Now. Now it is nearly 9:00 am and I am just getting up. I was awake three hours ago but I knew that would make for too many hours in the day and so I went back to sleep. I will be up late into the night because I won't be able to sleep then.

Now I have to pace myself carefully. I am doing things: going to class, studying, writing papers, working with a couple of people, planning for the future. Each takes so much energy and requires so much recovery time. I forget what I've focused on within five minutes of reading or hearing it. I look at notes and say to myself: We had an entire lecture on that? I lose everything, little things and really important things. I stumble across them later and can't imagine how they landed in the place they did. I write papers and have no idea whether they bear any resemblance to what is expected. I make schedules for accomplishing things and then I stare into space.

I am still writing thank-you notes. The cost of each one is so high. Only a few lines, but each reminds me of something else ~ a relationship, an occasion in the past, someone else entirely whose claim on my time is perhaps more urgent. I did not know, before, that when I received an acknowledgment from someone for flowers or words offered in a time of sorrow, that the note itself might represent a morning's work. Or a week's.

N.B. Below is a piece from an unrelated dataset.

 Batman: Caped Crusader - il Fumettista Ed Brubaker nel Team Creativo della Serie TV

People send me emails and cards and books and little packages. Some of the things written by certain people fill my thoughts for hours, for days. They become little prayers, flickering sources of connection to other people, to the universe, to God.

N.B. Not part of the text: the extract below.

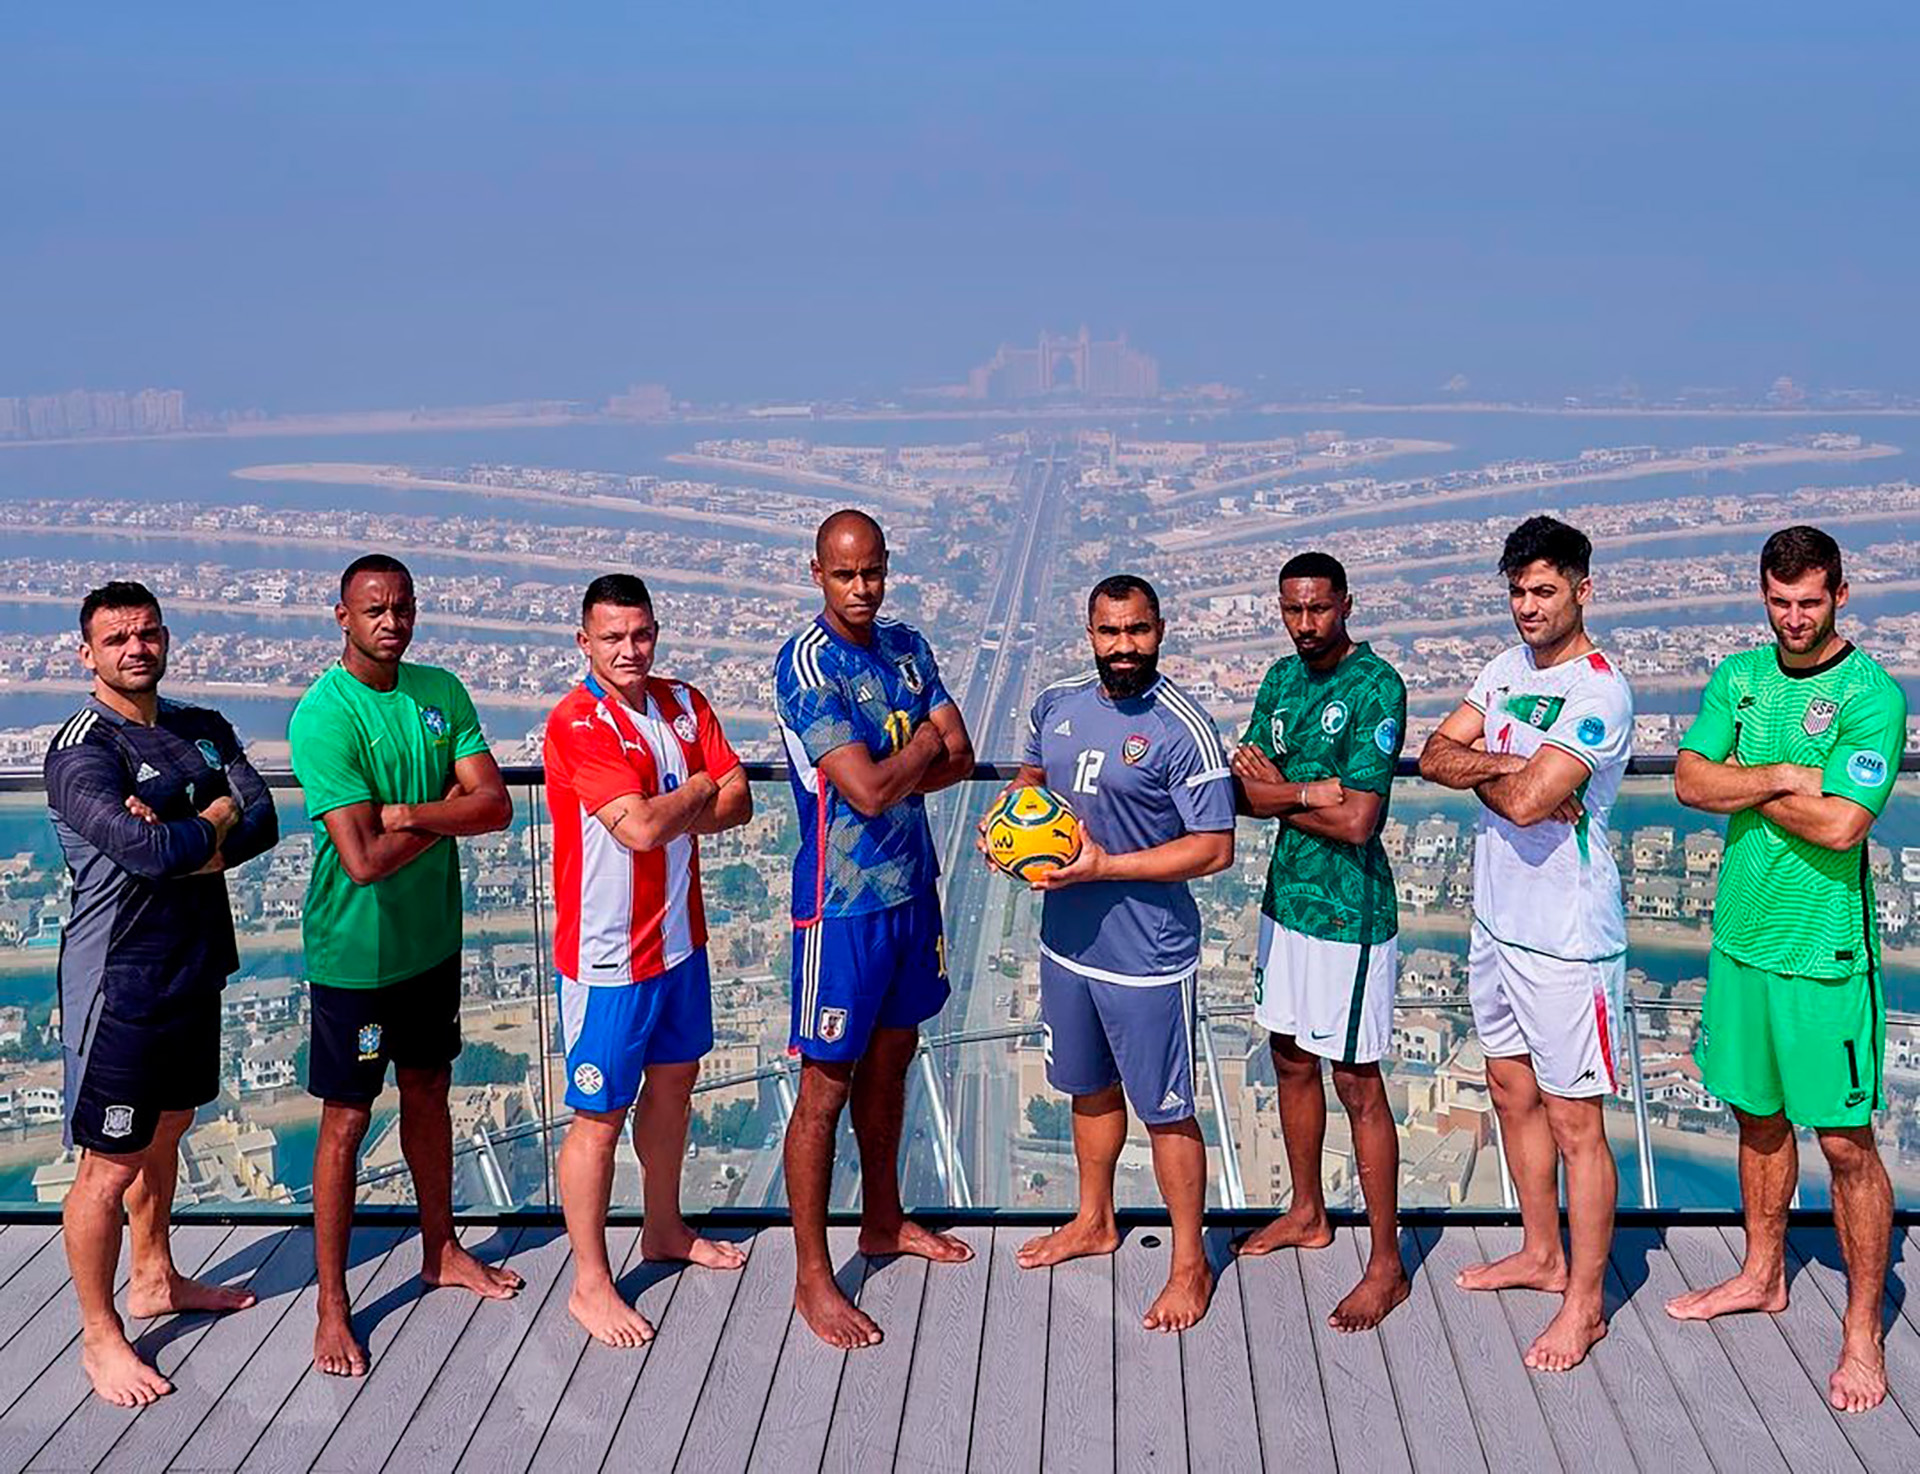 Ocho de los mejores equipos del mundo se enfrentaron en la Copa Intercontinental de Fútbol Playa de Dubái en noviembre con un fútbol puro en la zona del Golfo Pérsico.

I think about my lost son all of the time, as I have for 25 years. My brain tissue has grooves worn in it, and I cannot stop thinking of someone just because he is not here at all. But his absence fills every crevice of my life and makes impossible demands on my imagination. I keep waiting for time to go backward so that we can pick up where we left off.

I think about my other children and my son's girlfriend all the time, too. I want to wrap my arms around them all and take care of them forever and in a way that will enable them to heal. What does that even mean? I have a long scar smack down the middle of my stomach, from the car accident when I was seven. (No scans in those days to reveal ruptured spleens, which I turned out not to have.) It was a distraction during my bikini days, it stretched to accomodate a twin pregnancy, and then another one, and now it looks as crumpled and faded as you might expect. I don't notice it. But this jagged scar, the one which all these young people have to carry into adult life? How much time before it fades? There is nothing clean and precise about it; all those jagged edges seem more like tentacles than boundaries.

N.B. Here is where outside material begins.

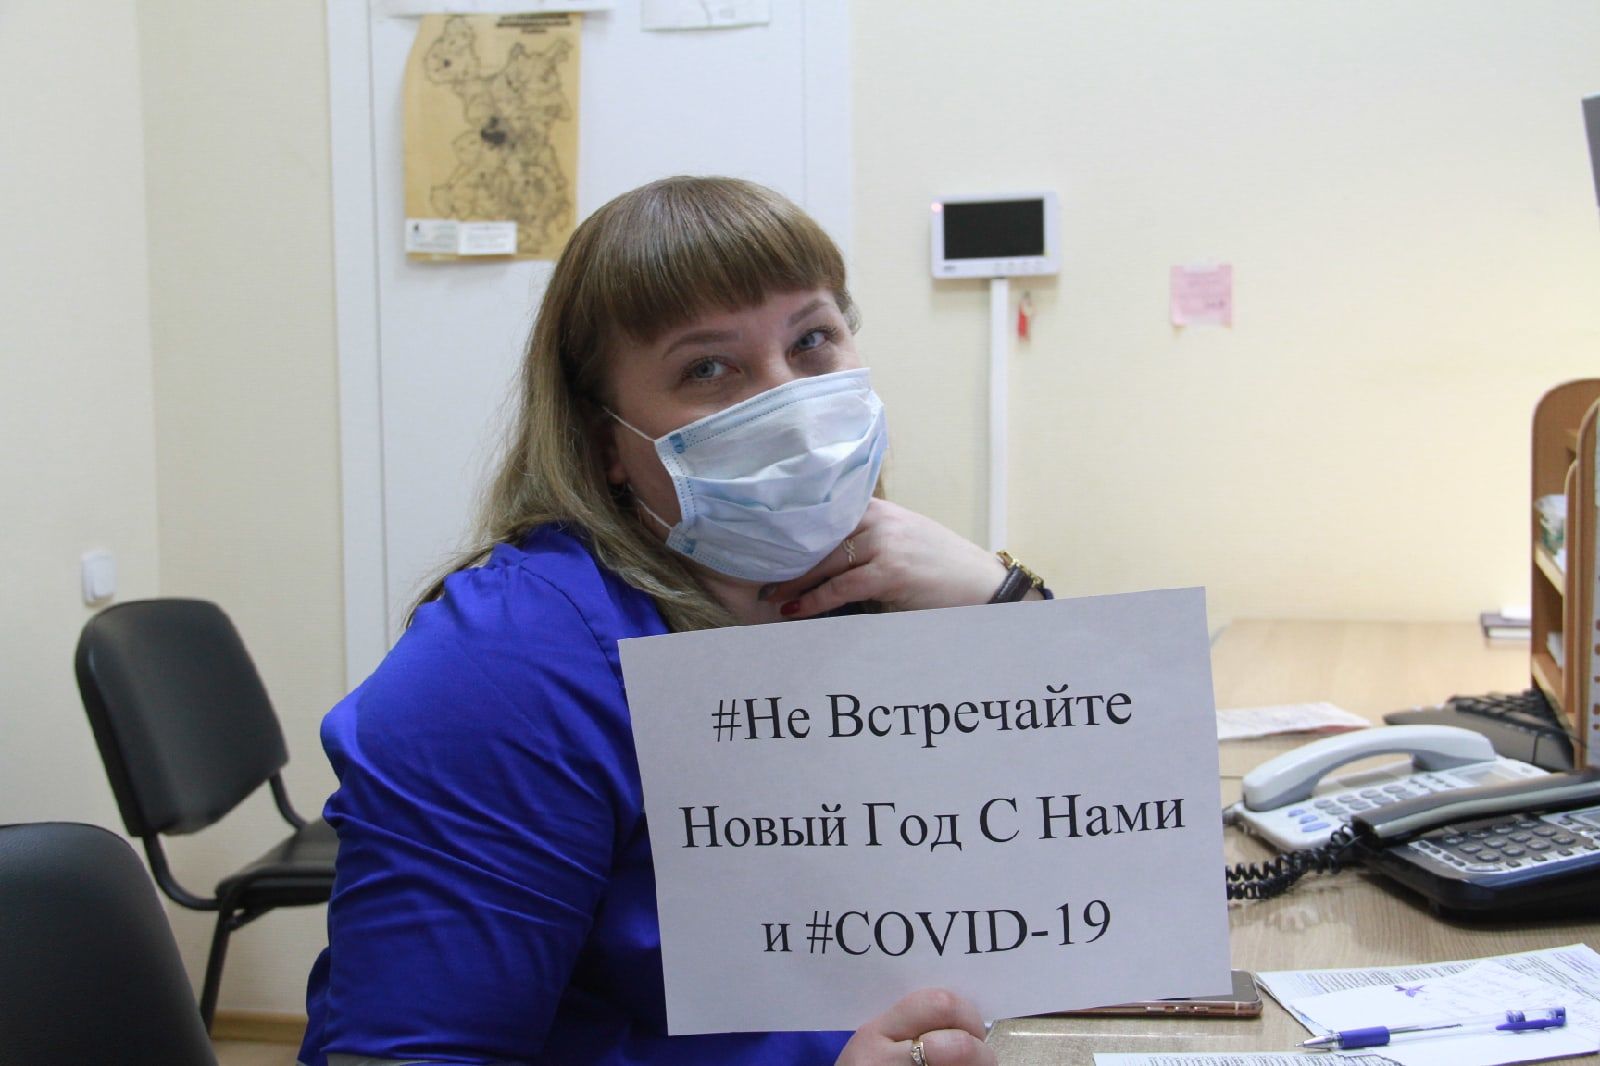 Бугульминские медики: Не встречайте Новый год с нами и COVID-19

I have been writing this piece off and on for a couple of days. Not an original thought in it. And yet, like everything else, it has sapped hours and energy. I had not realized that time and energy were so closely entertwined, and not in any way that makes sense.

(Image: Picasso's Blue Nude.)

Sunday, February 1, 2009

Found Things

Found this on the site of someone I love very much:

The deep pain that is felt at the death of every friendly soul arises from the feeling that there is in every individual something which is inexpressible, peculiar to him alone, and is, therefore, absolutely and irretrievably lost.